Güre, “Vardiya süresince üç kişinin örneğin 30 vagon kömür çıkarması isteniyor. Bazen bu miktarı çkaramıyoruz ve o günkü yevmiyemiz sıfır lira oluyor. Bugüne kadar 2 aylık maaşım kesilmiştir.
Bazen kömür yeteri kadar olmaz, bazen gücümüz yetmez. İstedikleri miktarda kömür çıkmazsa yevmiyemizi kesiyorlar” diyor.
Güre, sigorta primlerinin yatırıldığını, işçilerin 700, ustaların 800 lira ücret aldığını söylüyor. Madende çalışan işçi sayısı ise yaklaşık 130.

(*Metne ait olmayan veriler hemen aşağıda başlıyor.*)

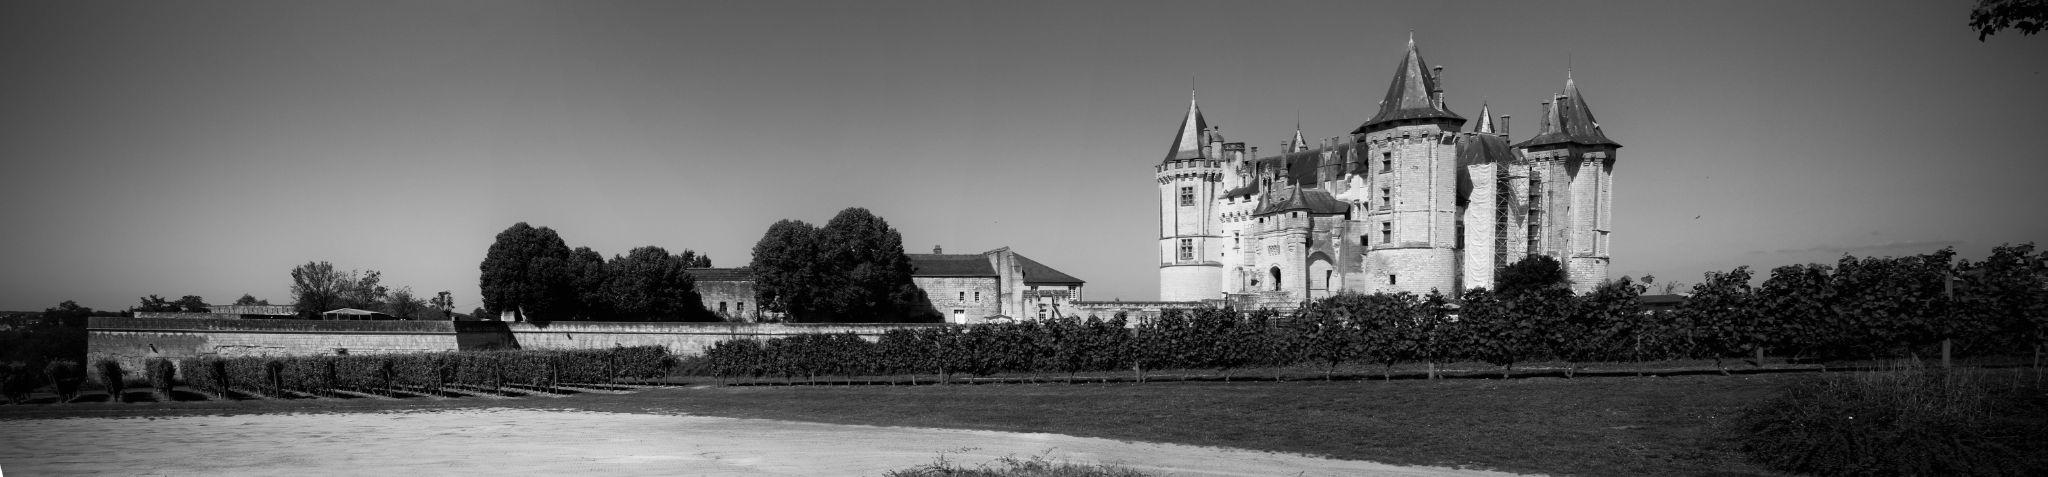 Castle of Saumur by emmanuel liegeois

PATLAMADA ÖLENLERİN İSİMLERİ
Ali Kazan
İzzet Kuşoğlu
Murat Aydın
Şenol Kurt
Emir Ali Turhan
Murat Hanay
Mehmet Banbal
Seyit Ali Akduman
Mehmet Kuşoğlu
Yusuf Karaca
Erol Boran
Yonis Arıçiçek
Ramazan Baştepe
Ertuğrul Demiray
Yahya Arabozan
Erol İkiz
Muammer Aktaş
Ahmet Çetin
Mehmet Çetin
En büyük faciada 263 işçi ölmüştü
Türkiye’de 1942’den beri meydana gelen grizu patlamalarında binlerce işçi hayatını kaybederken, faciaların en büyükleri Zonguldak’taki Türkiye Taşkömürü Kurumu ocaklarında yaşandı. Zonguldak Kozlu’daki kömür ocağında 1992’de meydana gelen grizu patlaması 263 maden işçisinin ölümüyle sonuçlanırken, en çok kayıp verilen facia olarak kayıtlara geçti.
Grizu nedir ve nasıl patlar
Madenlerde havalandırma, ocak patlamaları, işçi sağlığı ve iş güvenliği konularında uzman olan İTÜ Maden Fakültesi Maden Mühendisliği öğretim üyesi Prof. Gündüz Ökten, grizu patlamaları konusunda şu bilgileri verdi: “Grizu, havaya karışan metan gazının belli bir değere ulaşmasına, yani hava-metan karışımına denir. Metan gazının maden ocağı havası içinde oranı yüzde 5-14 arasında ise bu patlayıcı karışım grizudur. Patlama için grizunun alt sınırı (en az) 650-700 derece olan bir ısı kaynağıyla teması gerekir.”
‘Tahlisiye ekibi zorunlu’
Prof. Öktem ocaklardaki önlem konusunda da şu açıklamaları yaptı: “Yasaya göre her ocakta tahlisiye, yani kurtarma ekibi olması gerekir. Bu ekiplerin olduğu yerde çalışmalar kontrollü yapılıyor. Çalışma süresince ölçüm yapılır ve metan gazının yüzde 2’nin üzerine çıkmasına izin verilmez.”